ExhaustiveSearch is the most well-known algorithm from this subgroup; it conducts an exhaustive search through the complete space of attribute subsets starting from the empty set of attributes. On end reports the best subset found.
  • I.2
    The second subgroup of deterministic search wrapper methods is the group of algorithms with sequential search techniques which are the most-used wrapper algorithms, and because of that, the authors use primarily different algorithms from this subgroup in the proposed algorithm.
The BestFirst algorithm as a basic algorithm from this subgroup searches the space of attribute subsets by greedy hill climbing augmented with a backtracking facility. This algorithm may start with the empty set of attributes and search forward, or start with the full set, i.e., all attributes and search backward, or start at any point between those, and search in both directions.
The LinearForwardSelection algorithm is one Extension of the BestFirst algorithm. Takes a restricted number of k attributes into account. Fixed-set selects a fixed number k of attributes, whereas k is increased in each step when fixed-width is selected. The search uses the initial ordering to select the top k attributes, but can also use the ranking. The search direction is forward or floating forward selection with using optional backward search steps.
The Subset Size Forward Selection algorithm is one Extension of the LinearForwardSelection algorithm.
GreedyStepwise performs a greedy search in both directions, forward or backward, through the space of attribute subsets. It may start with no or all attributes, or from an arbitrary point in the space. It stops in the moment when the addition, i.e., deletion of any remaining attributes results in a decrease in evaluation. It can also produce a ranked list of attributes by traversing the space from one side to the other and recording the order that attributes are selected in.
II.
Algorithms from the group of stochastic search of wrapper methods
The most-known from this group is the genetic algorithm which the authors use in the proposed algorithm as representative of that subgroup of methods. This algorithm belongs to a wider class of so-called population methods, i.e., evolutionary algorithms that use stochastic optimization. Genetic algorithms only select the initial population at random; in later steps, the selection procedure is strictly defined. The steps of the genetic algorithm are iteratively repeated until the desired target is reached value, i.e., the stopping criterion of the algorithm.
As we already mentioned, all of the wrapper methods used are applied in the proposed model with using the CfsSubsetEval classifiers (Correlation-based feature selection).This method ranks and selects the attribute sets with biases towards to subsets containing features that are highly correlated with the class, and at the same time, they are uncorrelated with each other. Measuring the significance of attributes in this method is on the basis of predictive ability of attributes and their redundancy degree.

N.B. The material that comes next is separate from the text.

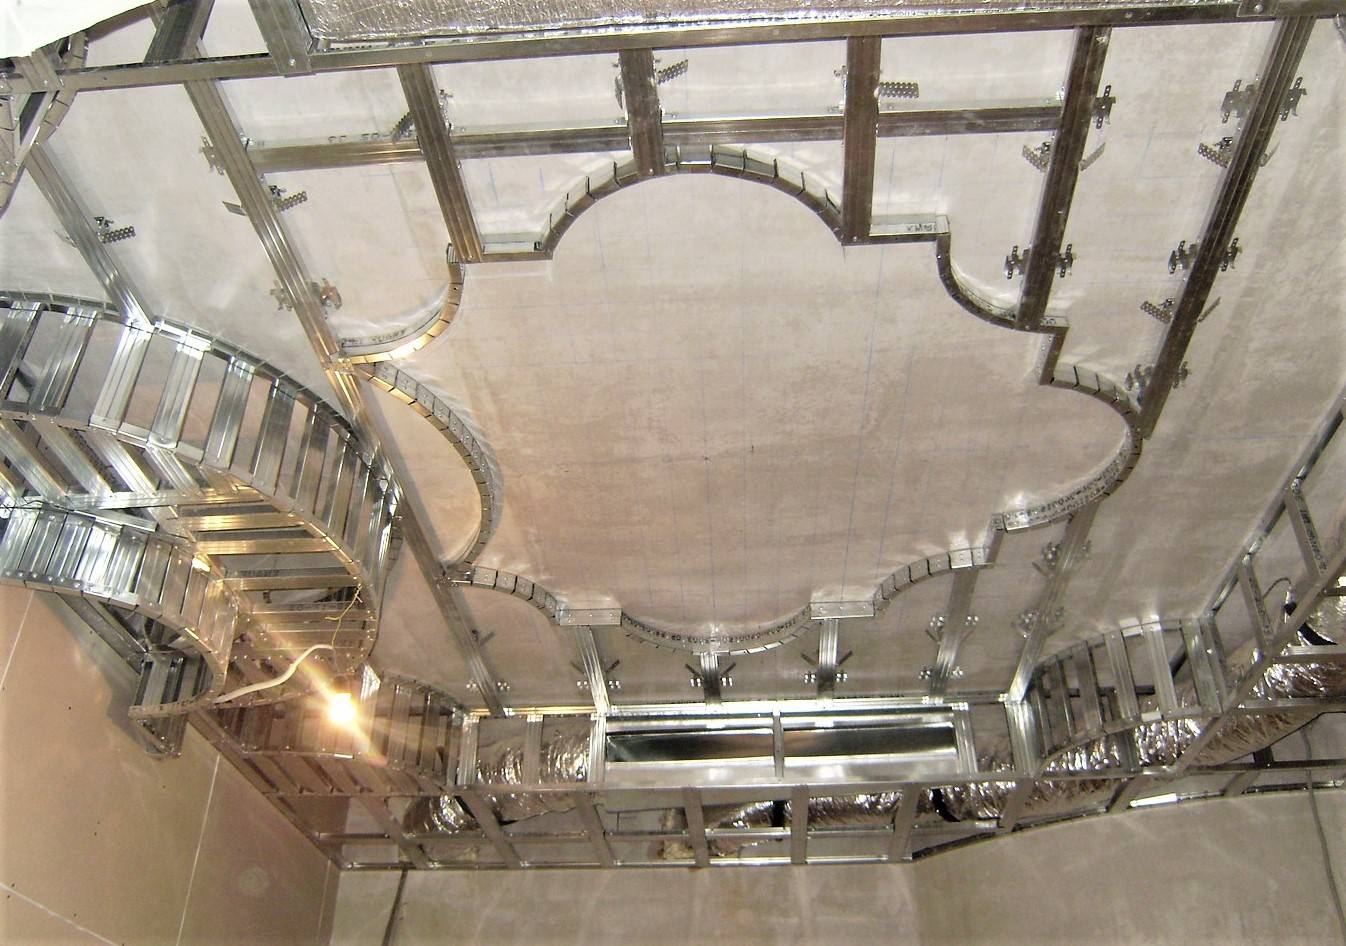 Потолок из гвл - отличия от гипсокартона и особенности монтажа

2.1.4. Ensemble Method for Prediction of Meteorological Impact on Occurrence of TI

It is known that, in ML, methods that use several individual aggregated algorithms to achieve better results than those that would be achieved with any of the algorithms individually aggregated into it are called ensemble ML methods. To solve the predictive problem which is considered in this paper, the authors proposed an ensemble algorithm showen with the procedure, which is given in Algorithm 1 and showed as the block schema in Figure 1.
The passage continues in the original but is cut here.